The Pharmaceutical Services Negotiating Committee evaluations of HLPs to date found that they

“demonstrate an increase in successful smoking quits, extensive delivery of alcohol brief interventions and advice, emergency contraception, targeted seasonal flu vaccinations, common ailments, NHS Health Checks, healthy diet, physical activity, healthy weight and pharmaceutical care services.”

The report also indicates that the HLP model is working in areas with different demography and geography. I cannot vouch for the PSNCevaluations, but I welcome the actions taken by my local pharmacy to be available to local people and offer better health advice.

Across Lancashire, pharmacists such as Linda Bracewell at Baxenden pharmacy are keen to see HLP rolled out across Lancashire. That requires support from the Government and the NHS. All pharmacies, including HLPs, are a vital part of the healthier Lancashire agenda. Yet today pharmacies are under threat from two directions. Those threats are the reductions in Government support—the 6.1% cut by the Department of Health in community pharmacy funding, which comes to a total reduction in funding of £170 million—and market forces. I want to move on to consider that other threat.

My right hon. Friend Kevin Barron mentioned changes in the market, such as the growth of warehouse pharmacies that seek profit—this is the Amazon model—at the expense of both the public service element and geographical access points. That is a cause for concern. Not everyone is online, or comfortable with such remote arrangements. There is no guarantee that such a method of providing pharmacy services has a role in a healthy living environment, or a better healthcare delivery system. Will it engage with hard-to-reach communities?

Over Christmas I was shown a letter by Linda Bracewell that was sent to a constituent by Pharmacy4U, a mail order pharmacist. Worryingly, it was passed off as an official letter. People would feel obliged to fill it in and send it off. It was personalised, and, crucially, it redirected customers with repeat prescriptions to Pharmacy4U. Worse, Pharmacy4U is just one of several emerging online mail order warehouse companies—box shifters. It was not clear that the letter was not official but a marketing ploy. It is a matter of great concern that the letter was part of a mass mailing, sent specifically to people with existing prescriptions. Their GP practice was named on the letter as though it came from that practice. That is a worry for pharmacies.
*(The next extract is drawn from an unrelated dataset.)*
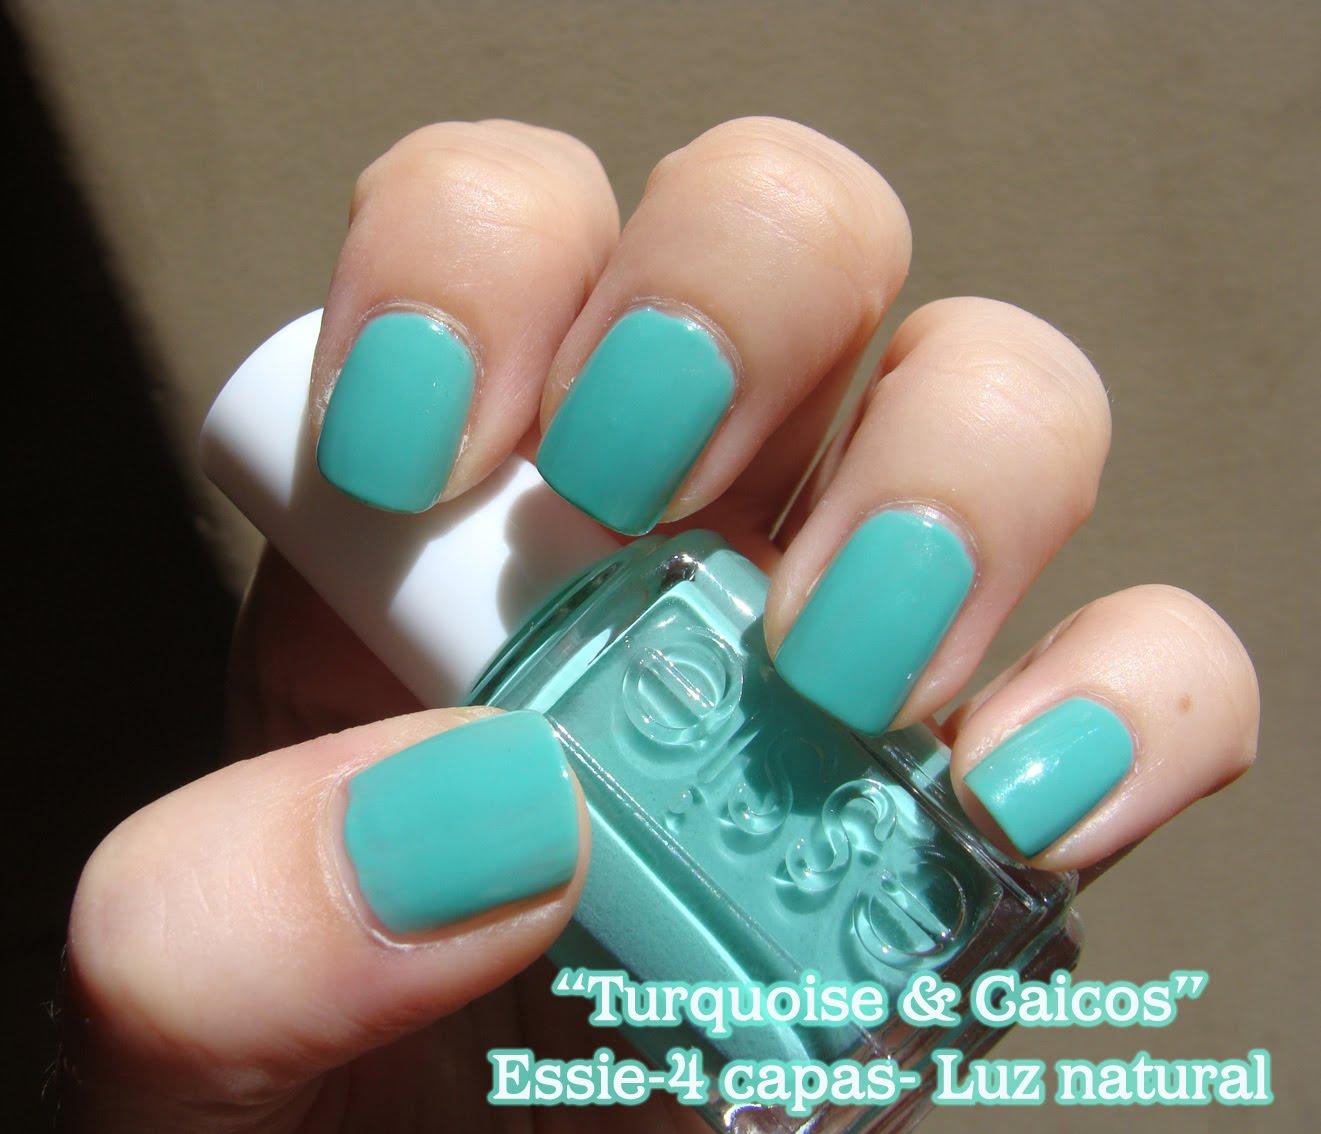 Esmaltes de Julie: Turquoise & Caicos de Essie: Divino

How did Pharmacy4U get access to patient practice details? Is it right that the letter I saw was allowed to look like an official document and a request for detail, when in fact it was simply permission to transfer existing prescriptions—a huge business for local pharmacies—to a warehouse pharmacy? Even more worrying was the fact that all the patients of GP practices with electronic data systems had been mailed, while patients of GP practices without such electronic patient systems had not been mailed. Does Pharmacy4U have business connections to the data company that provides GPs with electronic patient data systems, and the patients of those practices? The Minister should be aware that those issues are serious, and that such sharp business practices and models threaten existing pharmacies. The presence of warehouse pharmacies operating on an Amazon model is of concern to me and, I am sure, our constituents, because it erodes the public service element of the current pharmacy network—particularly the healthy living pharmacies.

In conclusion, does the Minister recognise the public service element of pharmacies? Does he want to preserve the current pharmacy network? Does he see pharmacies as having an increasing role in healthcare delivery? Does he think that there will be more or fewer pharmacies after his review is implemented?